Vaccine offers complete protection against Ebola virus

Posted: 11 October 2018 | | No comments yet

Researchers at The Wistar Institute have developed a DNA based vaccine that has offered compete protection against the Ebola virus in preclinical trials…


A novel synthetic DNA vaccine developed based on technology pioneered by scientists at The Wistar Institute Vaccine & Immunotherapy Centre offers complete protection from Zaire Ebola virus (EBOV) infection in promising preclinical research. 

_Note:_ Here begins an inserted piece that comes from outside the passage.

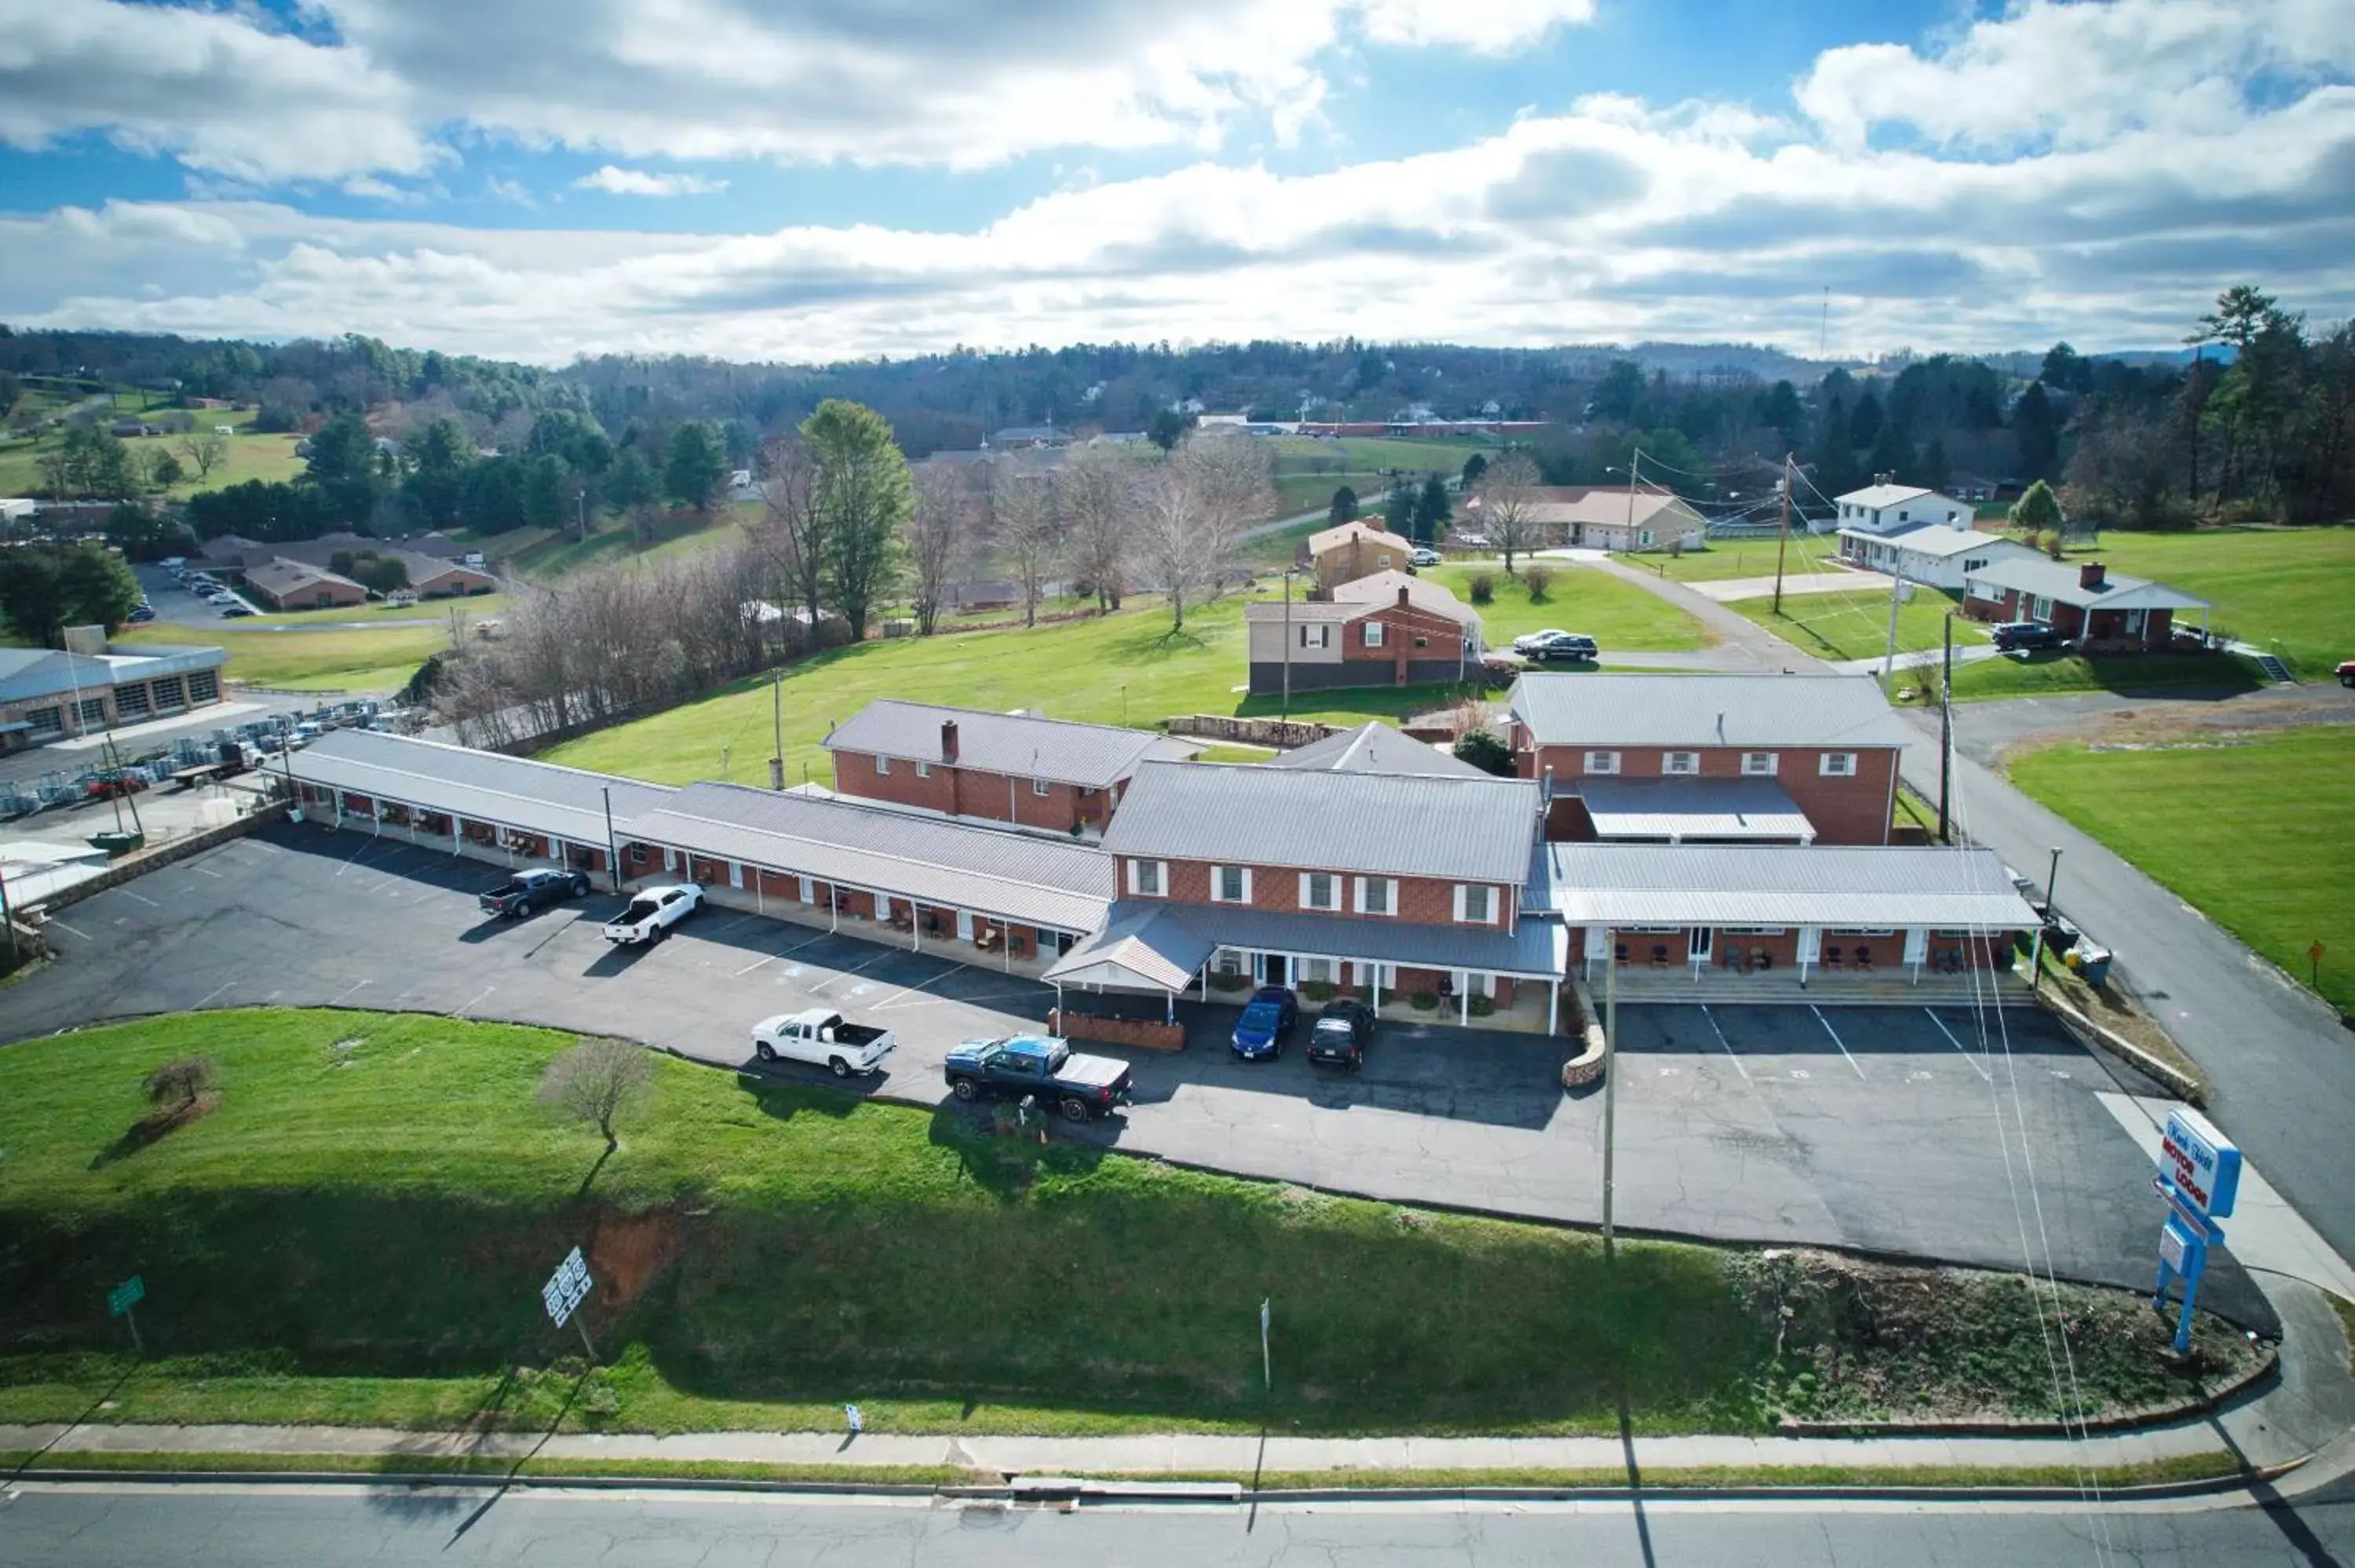 Property building, Bird's-eye View in Knob Hill Motor Lodge

Ebola virus infection causes a severe hemorrhagic fever that has a 50 percent fatality rate, according to the World Health Organization. Recent advances have led to the development of promising experimental vaccine candidates that may be associated with side effects and/or may not be applicable in specific vulnerable populations, such as children, pregnant women and immunocompromised individuals. In addition, there is a need to boost these vaccines to provide long-term protection.

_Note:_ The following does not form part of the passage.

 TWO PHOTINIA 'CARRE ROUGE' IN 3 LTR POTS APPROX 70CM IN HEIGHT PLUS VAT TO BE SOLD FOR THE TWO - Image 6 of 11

Using a unique approach, Wistar scientists designed optimised synthetic DNA vaccine candidates targeting a virus surface protein called glycoprotein. They demonstrated efficacy of the novel vaccine candidates and durability of the immune responses in animal models. Importantly, results showed strong immune responses one year after the last dose, supporting the long-term immunogenicity of the vaccine – a particularly challenging area for Ebola vaccines.

“Synthetic non-viral based DNA technology allows for rapid vaccine development by delivery directly into the skin, resulting in consistent, potent and rapid immunity compared to traditional vaccine approaches,” said lead researcher Dr David B. Weiner, executive vice president and director of Wistar’s Vaccine & Immunotherapy Centre, and W.W. Smith Charitable Trust Professor in Cancer Research. “An anti-Ebola virus DNA vaccine like this may provide an important new tool for protection, and we are excited to see what future studies will unveil.”

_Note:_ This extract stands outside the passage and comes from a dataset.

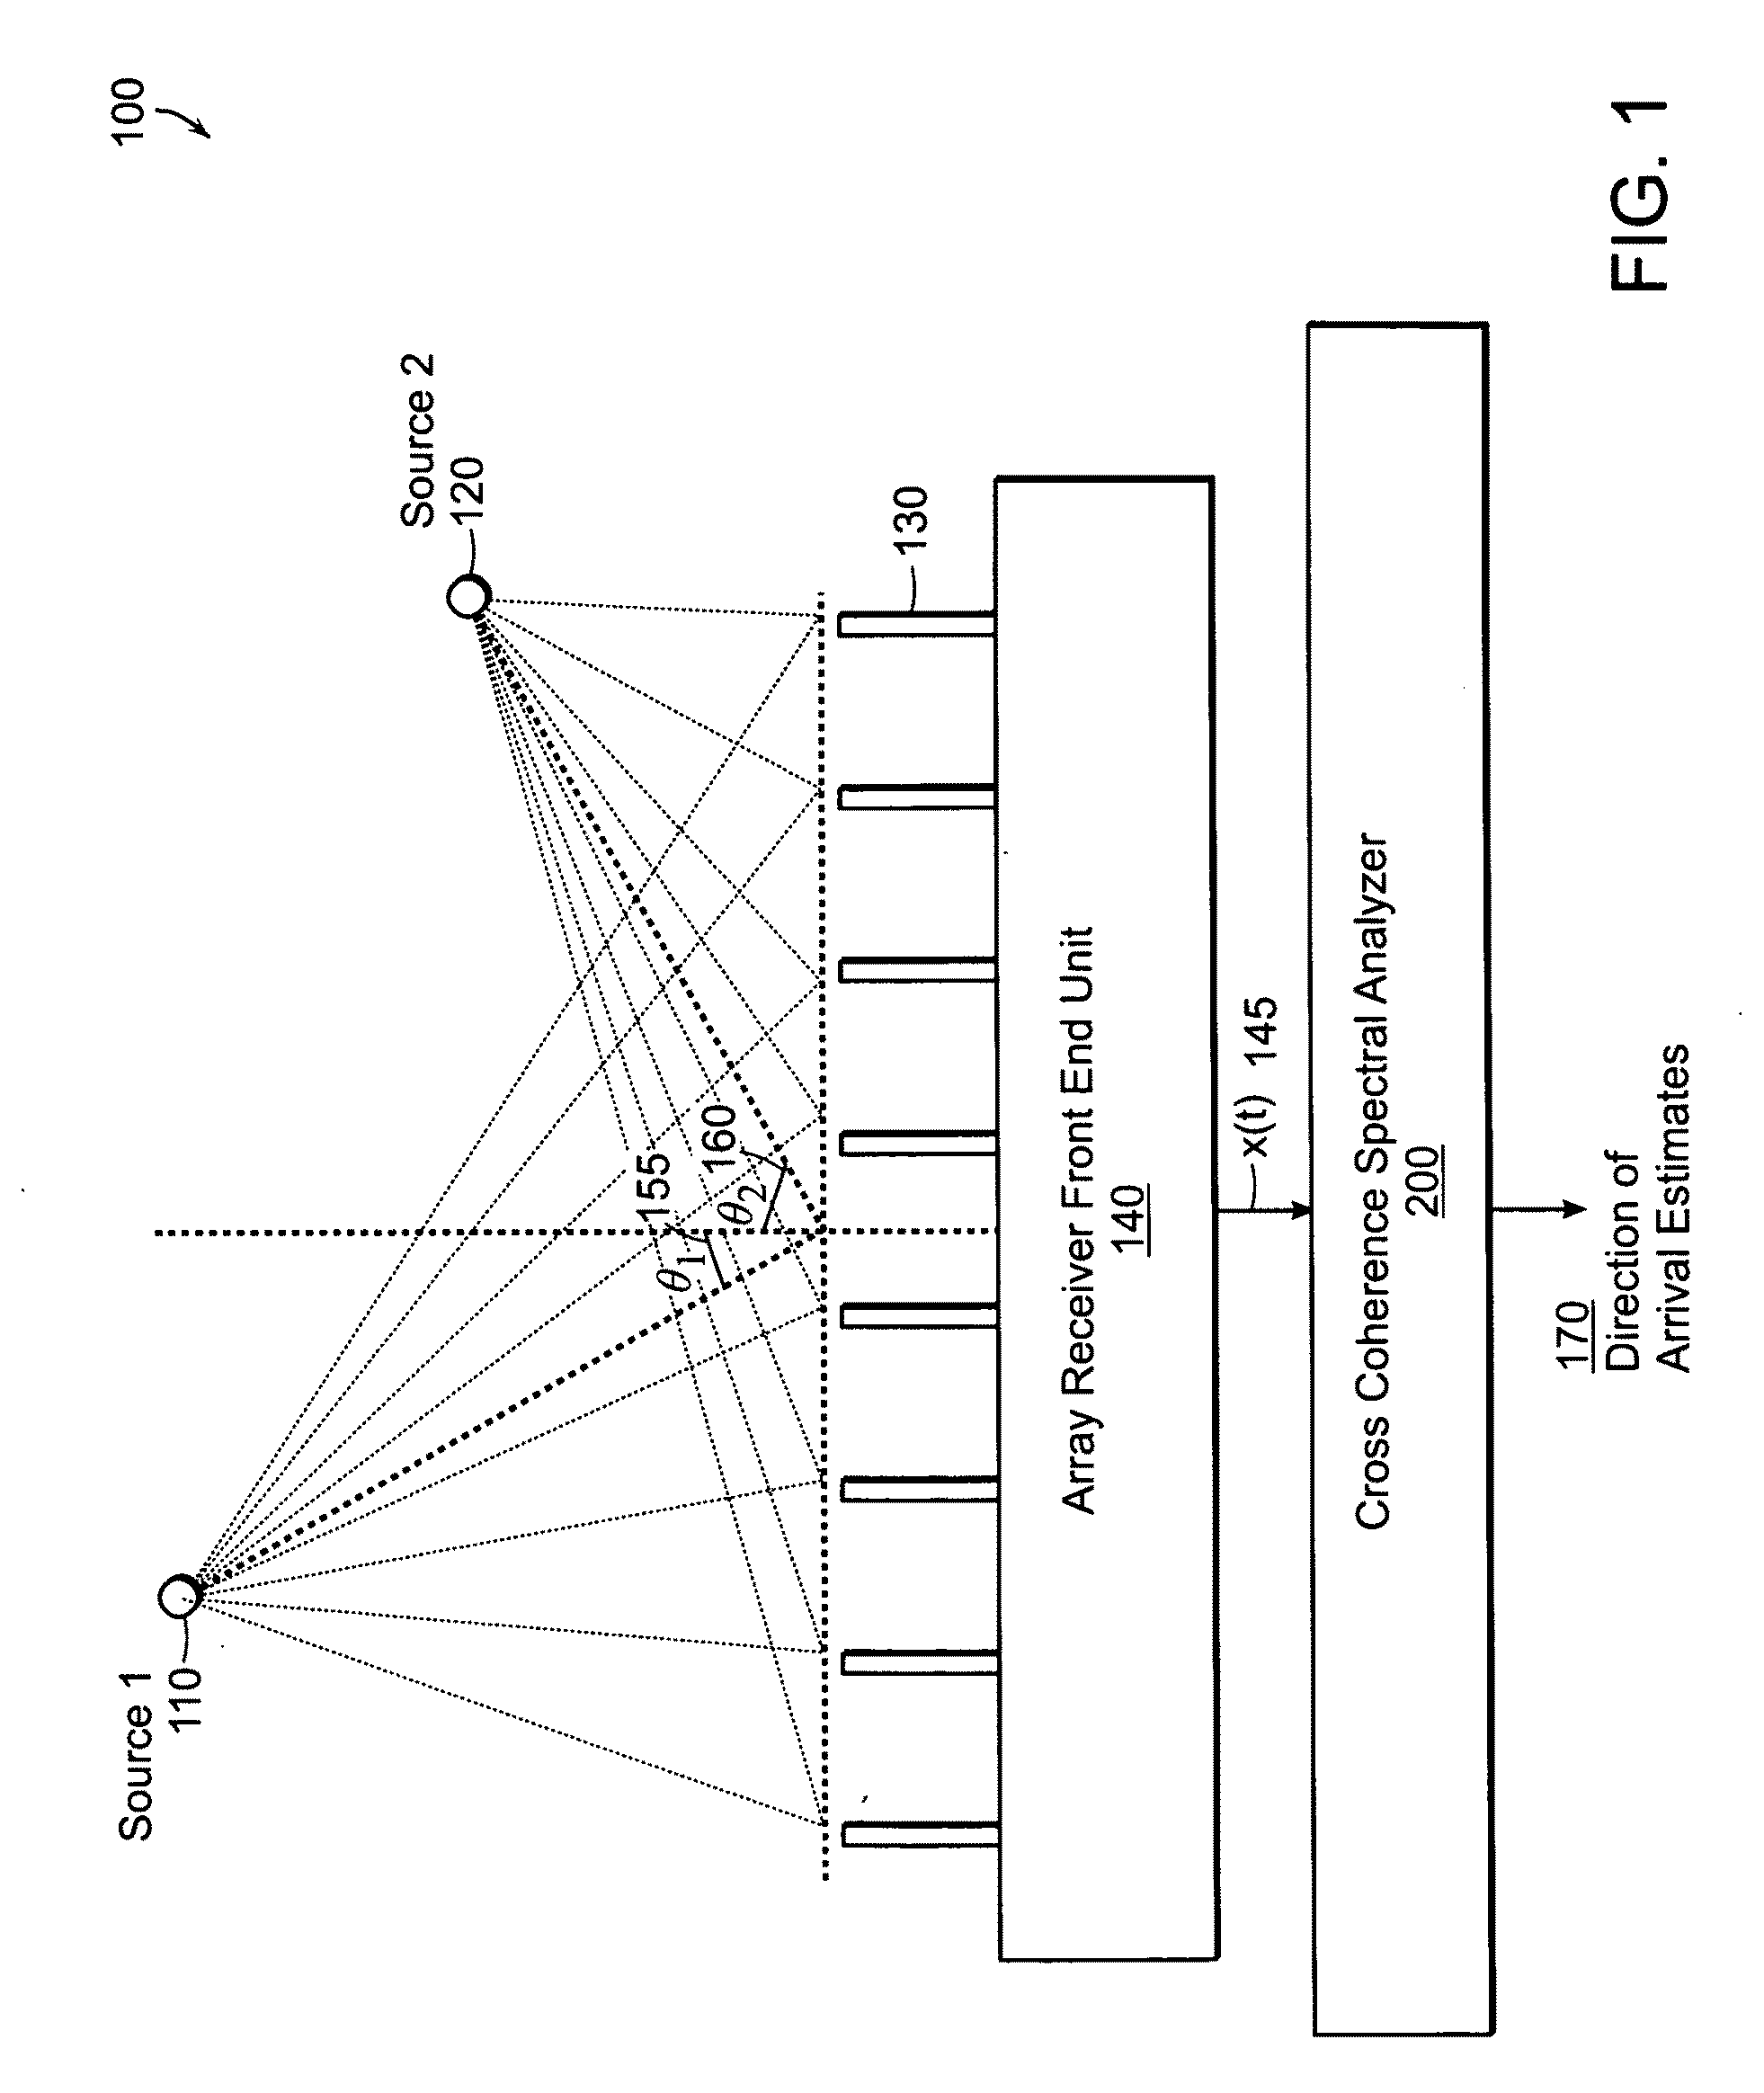 Method and Apparatus for Spectral Cross Coherence

The researchers optimised a shorter, dose-sparing, immunisation regimen and simplified vaccine administration directly into the skin. This new approach induced rapid and protective immunity from virus challenges. The detected antibody levels were equal or higher to those reported for other vaccines currently being evaluated in the clinic, according to the study.

“The success of intradermal delivery of a low-dose regimen is very encouraging,” said Dr Ami Patel, associate staff scientist in the Weiner Lab. “The ultimate goal of our work is to create effective and safe vaccines that are optimised for field use in at-risk areas.”

Study results were published in the Journal of Infectious Diseases.